Address for outlet at Hikarie:
〒150-0002 Tokyo, Shibuya Shibuya Hikarie 渋谷2-21-1 渋谷ヒカリエ6F

3. Tsukiji Fish Market
Upon entering, small souvenir shops line the outer market. This stall sold re-usable tote bags, chopsticks and quaint lil umbrellas for a fraction of the price in departmental stores! 
The restaurant we had our sashimi meal, 8 pieces for about 3000 yen ($32 sgd). 
Tamago on a stick, 120 yen (approx $1.40 sgd)
The Tsukiji Fish Market is not to be missed. Open as early as 5am for those who wish to partake in the tuna auctions and wholesale, all the way till 2:30pm. The restaurant I went to did not allow phototaking but I managed to sneak a snapshot of the wondrous thick slides of sashimi.

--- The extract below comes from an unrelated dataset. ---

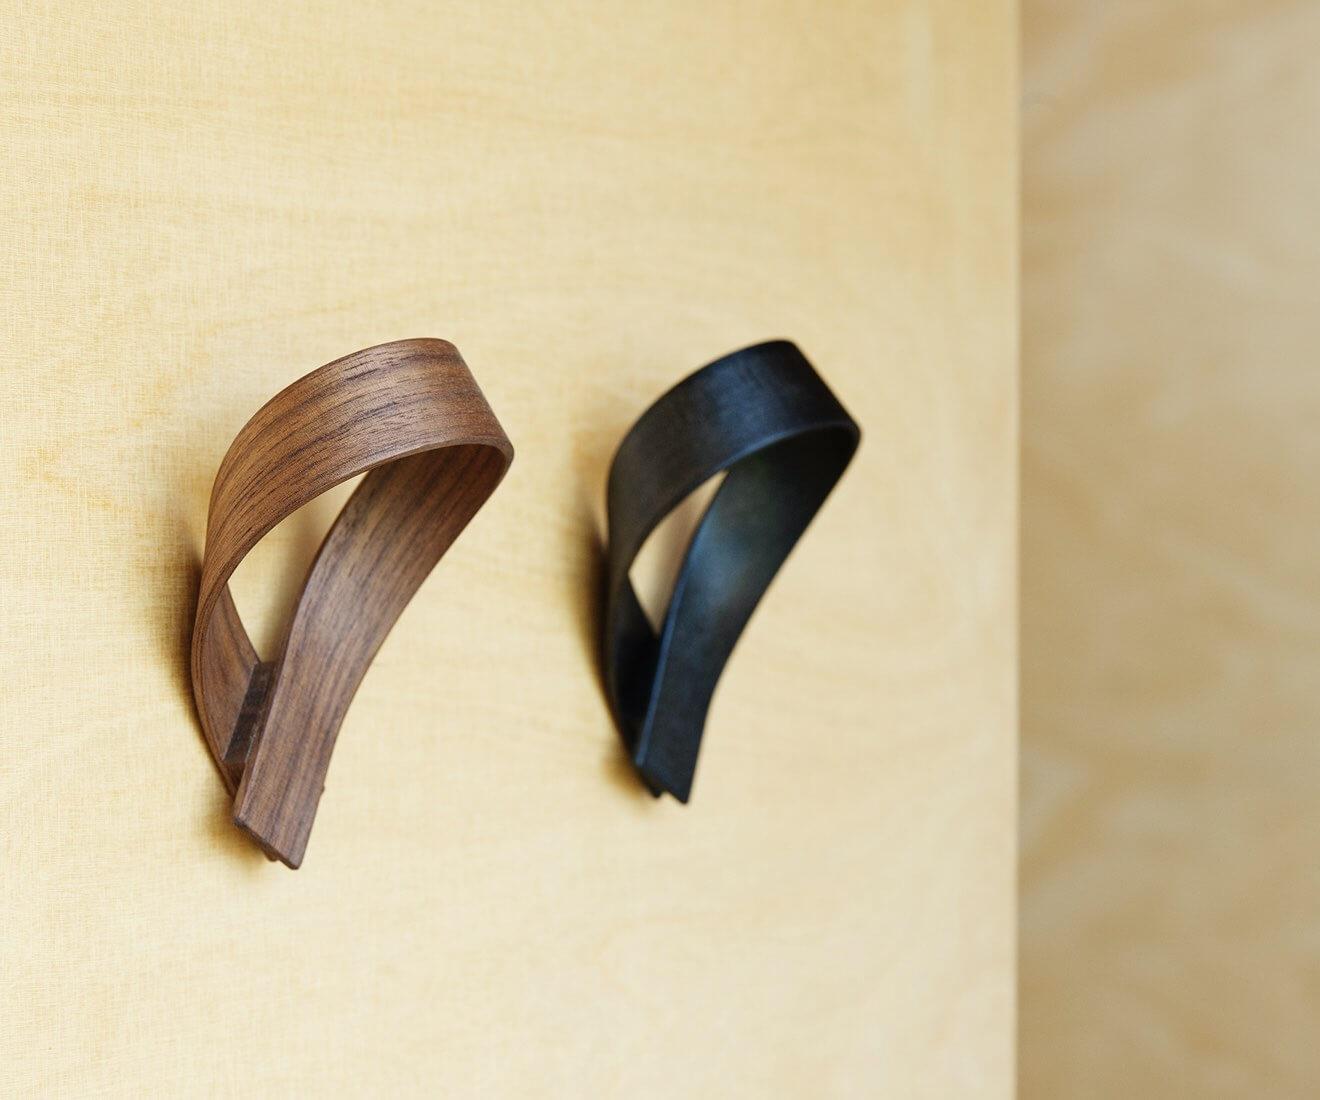 Interior photo of Motarasu designs - Ribbon coat hooks, walnut and black, by Akiko Ken Made

Restaurants at the market are tiny, one with a maximum occupancy of 12-15 pax. This makes the experience with the chef, a very intimate one. The sushi is done in front of you and it is amazing to observe the art of what goes into that one sushi.

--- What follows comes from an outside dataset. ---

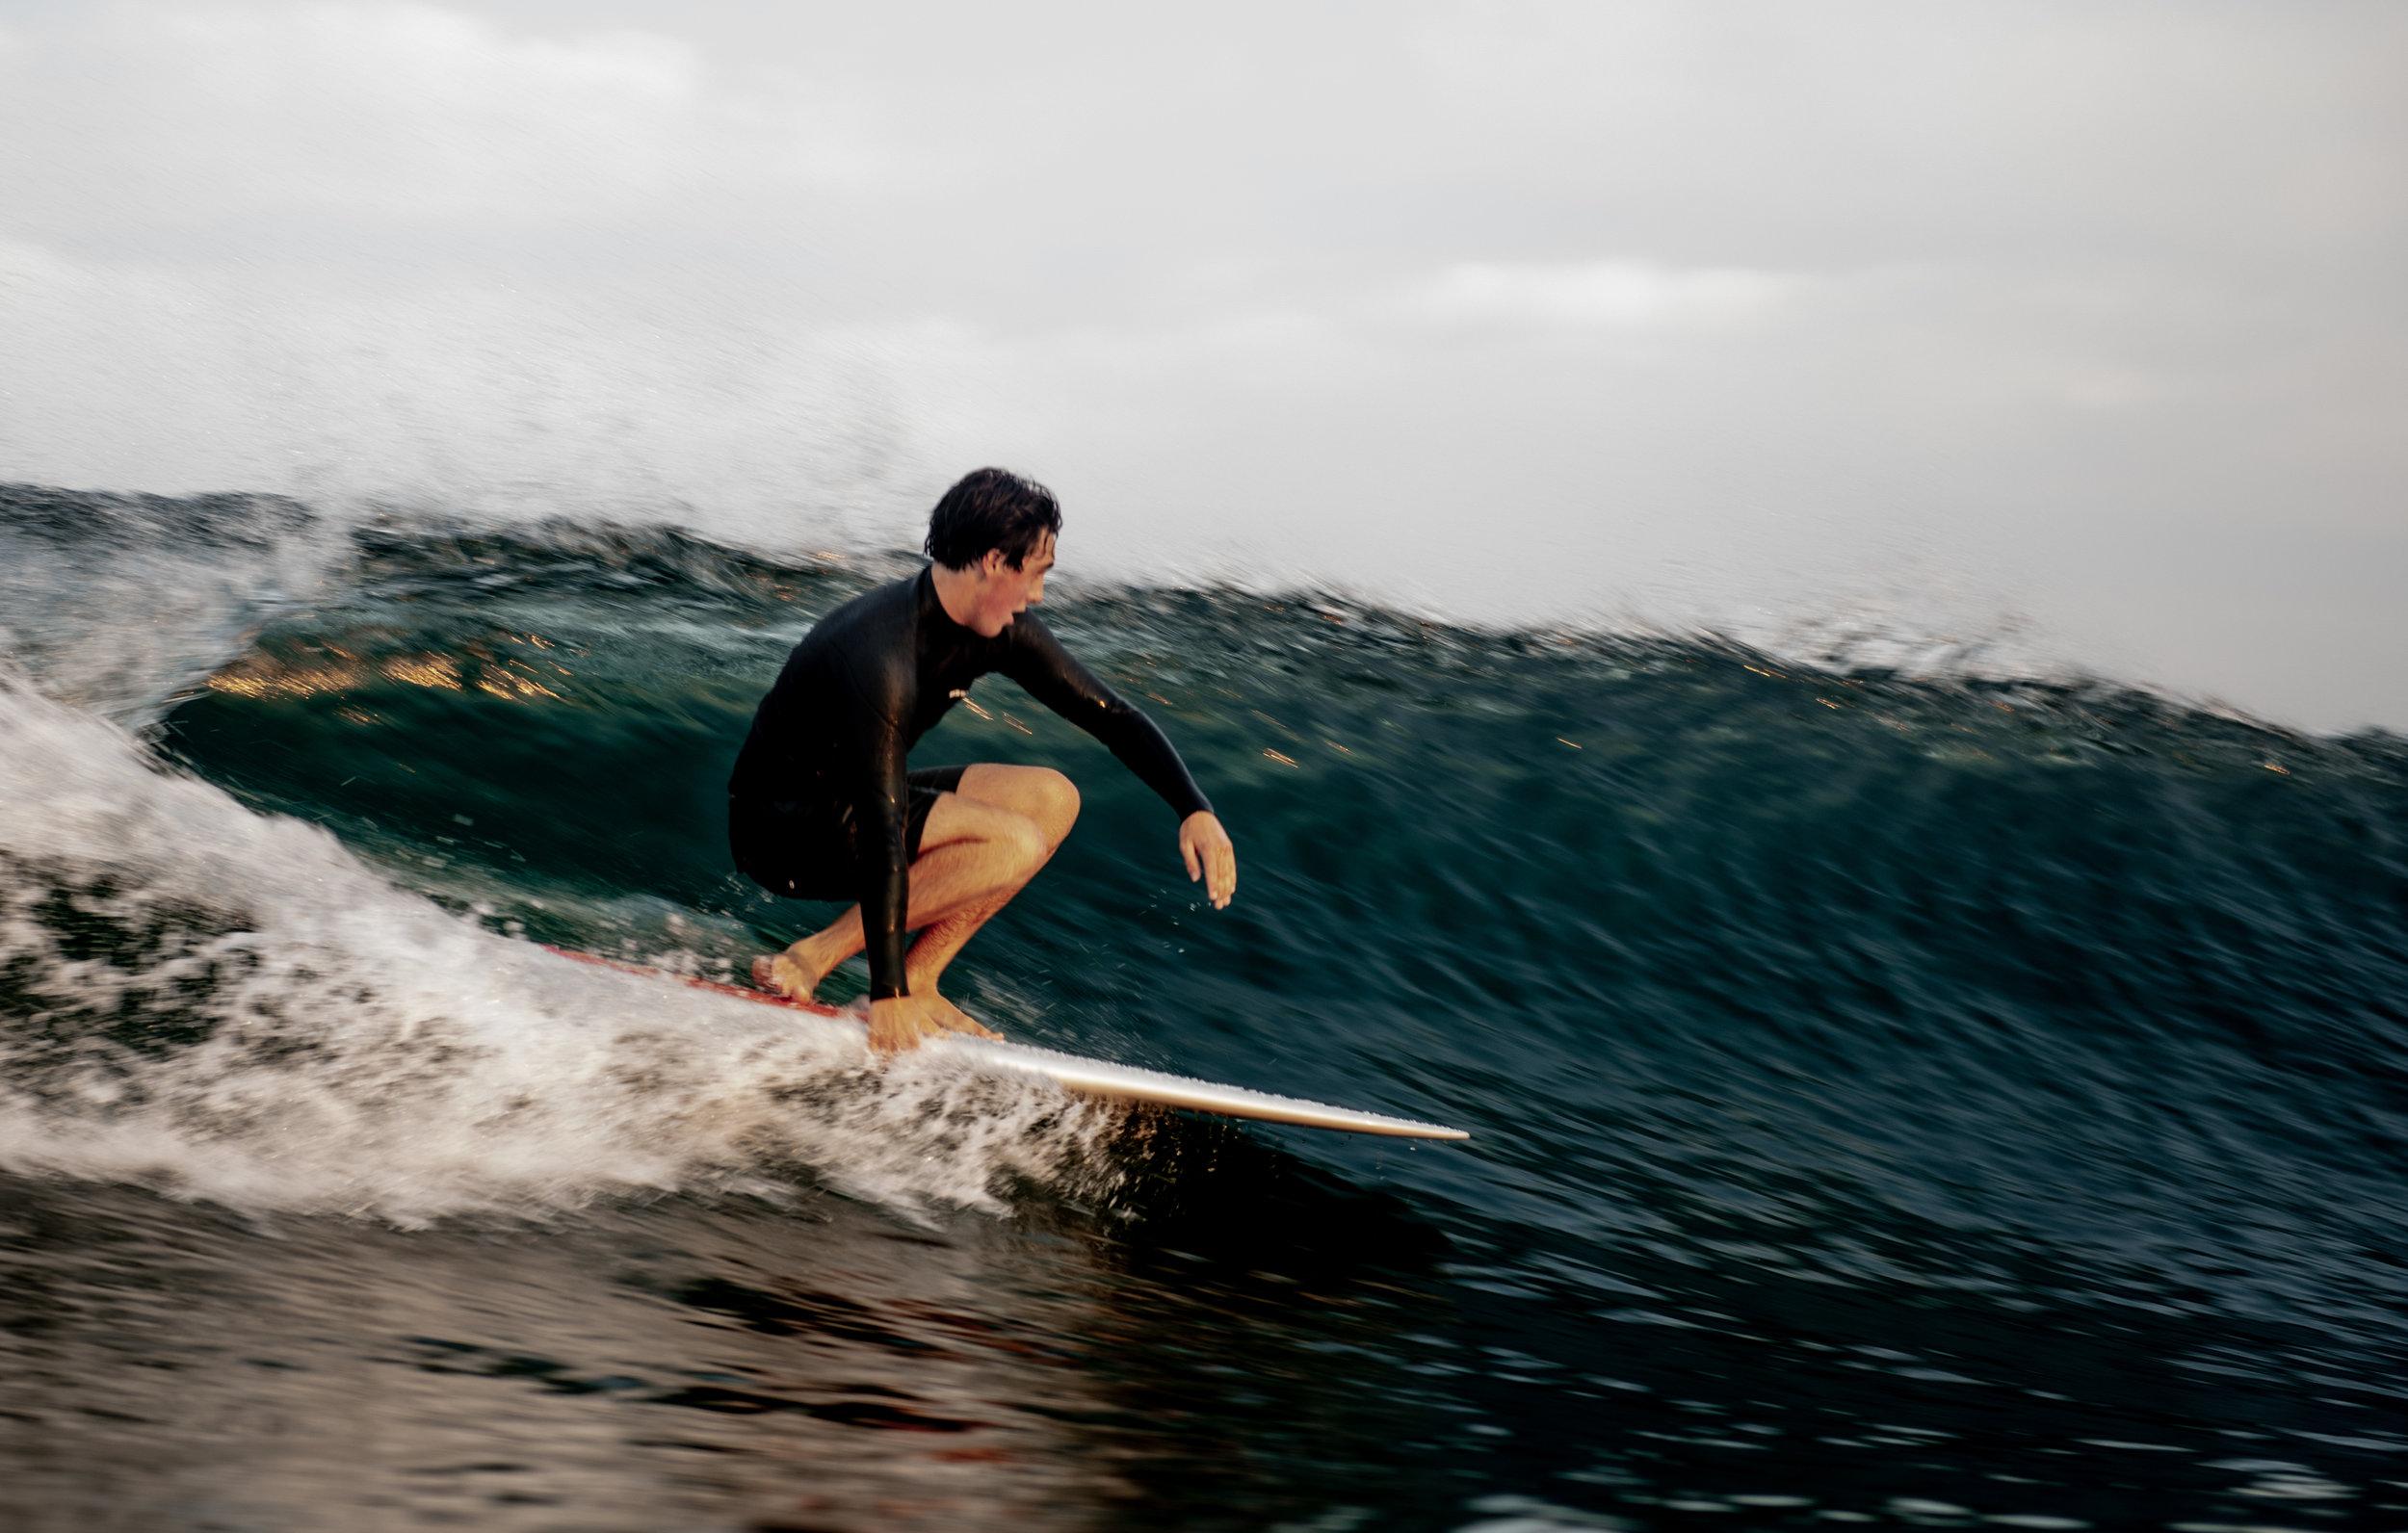 SURF_NOAHS_BBRADLEY-1.jpg

The Japanese way of enjoying sushi would be to eat it in an entire mouthful. The portions are huge compared to what we get in Singapore, less rice, more sashimi. Wasabi is placed on top of the rice to give a little kick to our taste buds.

I did not know half of the sashimi that was going into my mouth but it was so, SO good.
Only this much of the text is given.